Patient Characteristics
| M:F | 17:15 |
| Age years median (range) | 9 (3–18) |
| Weight kg median (range) | 31 (13–103) |
| BSA m2 median (range) | 1.07 (0.6–2.33) |
| Diagnosis | |
| Leukemia | 19 |
| Ewings Sarcoma | 3 |
| Germ Cell Tumor | 3 |
| MDS | 2 |
| Medulloblastoma | 1 |
| NHL | 1 |
| Rhabodomyosarcoma | 1 |
| Rhabdoid | 1 |
| VAHS | 1 |
NHL= Non-Hodgkin’s Lymphoma, MDS= myelodysplastic syndrome, VAHS= viral associated hemophagocytic syndrome.
Pharmacokinetics
Valacyclovir Administration
A one-compartment model best described the plasma concentration vs. time curve of acyclovir following valacyclovir administration in 22 patients, and a 2-compartment model best described the data for the remaining 10 patients. The mean valacyclovir dose administered in these 32 patients was 14.97 mg/kg. Pharmacokinetic data are summarized in Table II. No statistically significant difference in these parameters existed between the patients in Study A as compared to Study B.
Table II.
Summary of Pharmacokinetic Parameters for Acyclovir Following Oral Valacyclovir Administration (15 mg/kg)

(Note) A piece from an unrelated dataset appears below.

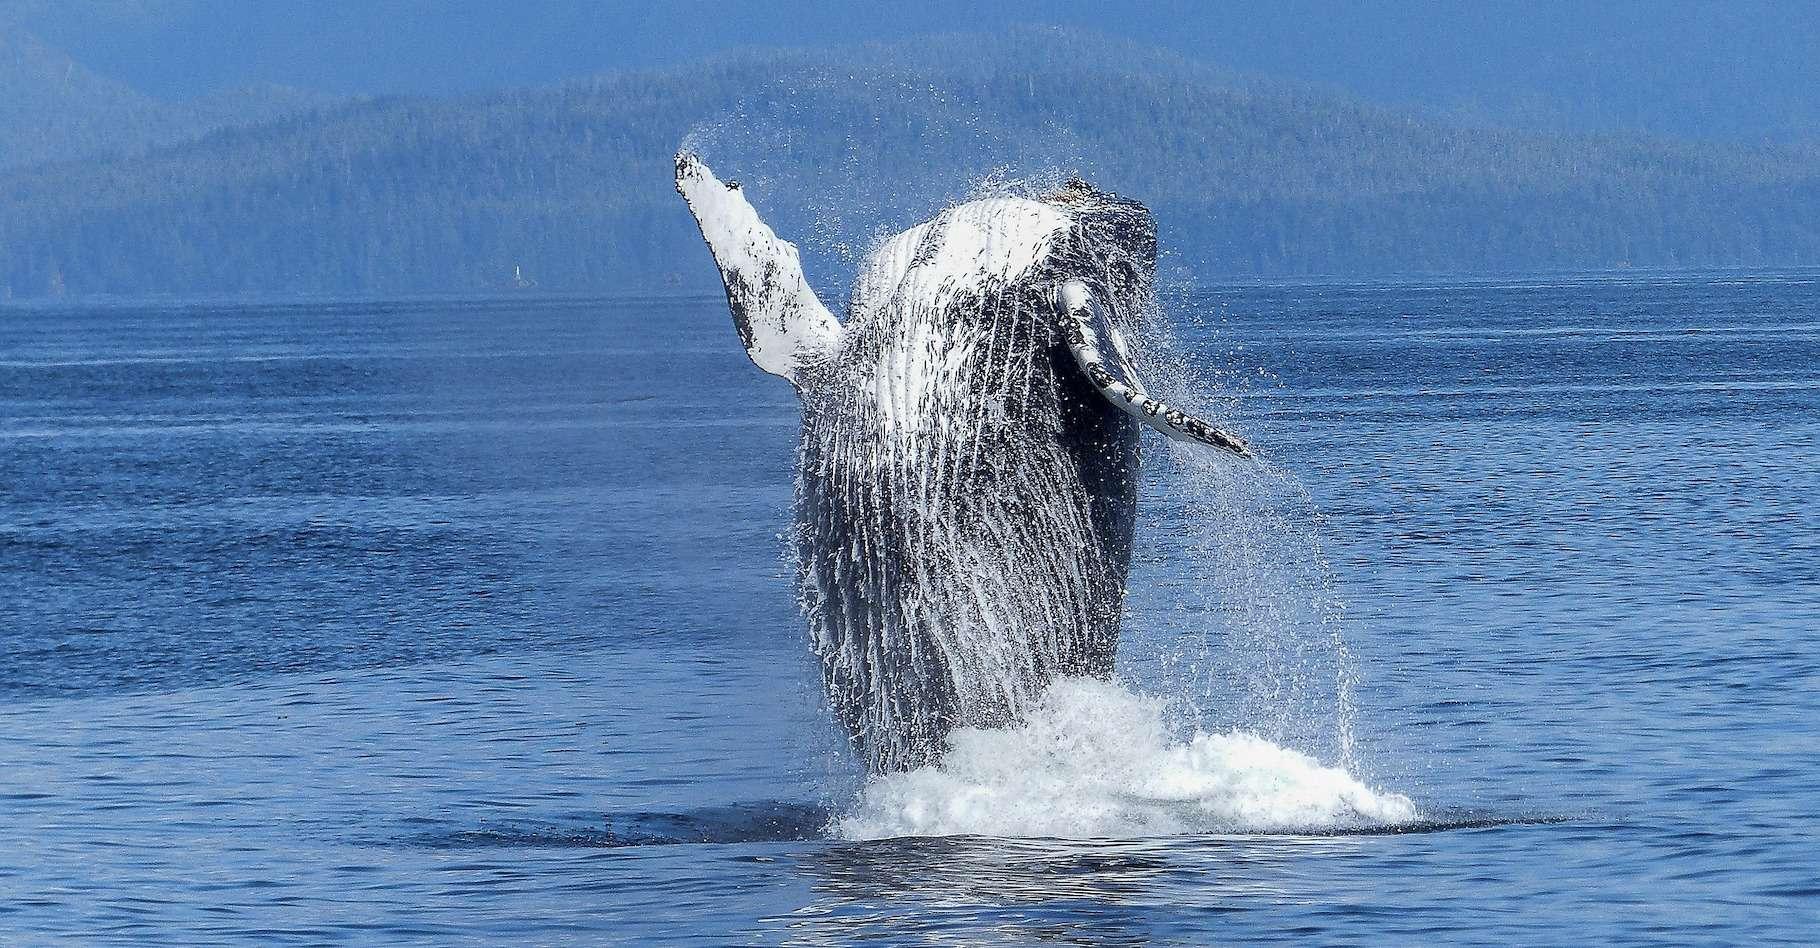 Selon des chercheurs de l'université de Washington (États-Unis), il y aurait aujourd'hui de nouveau presque autant de baleines à bosse dans l'Atlantique sud qu'avant le début de leur chasse intensive. © ArtTower, Pixabay License

| Parameter | Mean ± SD | Median (range) | |
|---|---|---|---|
| Cmax | (uM) | 18.8 ± 7 | 17.1 (7.9 – 40.3) |
| Tmax | (min) | 128.7 ± 57 | 120 (60 – 250) |
| AUC∞ | (uM•min) | 4106 ± 1519 | 3934 (1672 – 8510) |
| CL | (ml/min/kg) | 11.4 ± 4.4 | 10.7 (5.2 – 23.4) |
| t ½ | (min) | 87.5 ± 29 | 80 (41.3 – 173) |
| VC | (L/kg) | 1.34 ± 0.65 | 1.23 (.33 – 3.3) |
| Tau | (min) | 23 ± 12.4 | 25.8 (1.2 – 70) |
| Renal CL | (ml/min/kg) | 3.03 ± 2.2 | 2.31 (0.35 – 8.21) |
VC= volume of distribution; CL=kel•VC
Table III compares pharmacokinetic parameters for three age groups of patients receiving valacyclovir. There was an increased exposure and decreased clearance with age. There was a statistically significant difference across the means (p=0.03 for AUC; p=0.0004 for clearance). There were statistically significant differences in exposure and clearance (p=0.02 for AUC; p=0.0003 for clearance) when the youngest (Group 1) was compared to the oldest (Group 3) patients. There was also a statistically significant difference in clearance between Group 1 and Group 2 (p=0.003). None of the other pairwise comparisons were statistically significant.
Table III.
Age Comparision of Acyclovir Pharmacokinetic Parameters following Valacyclovir
| Age Mean (range) |
No. Subjects | AUC (uM•min) Mean ± SD |
CL (ml/min/kg) Mean ± SD |
|---|---|---|---|
| Group-1: 2– <6 yrs 3.75 (3–5) |
8 | 2925 ± 974 | 16.2 ± 4.5 |
| Group-2: 6 – <12 yrs 8.3 (6–11) |
12 | 4292 ± 1105 | 10.4 ± 2.9 |
| Group-3: 12–18 yrs 15 ( 12–18) |
12 | 4707 ± 1797 | 9.1 ± 3.1 |
Acyclovir Administration
Eleven patients had pharmacokinetic sampling performed after both oral valacyclovir (mean dose 14.4 mg/kg) and IV acyclovir (mean dose 9.2 mg/kg) administration. The mean plasma acyclovir concentration-time profiles following administration of intravenous acyclovir and oral valacyclovir are shown in Figure 1.
Figure 1.
Plasma pharmacokinetics of acyclovir after intravenous administration of acyclovir (mean dose= 9.2 mg/kg) and oral administration of valacyclovir (mean dose 14.4 mg/kg). Data denote mean ± SD values representative of population studied (n=11).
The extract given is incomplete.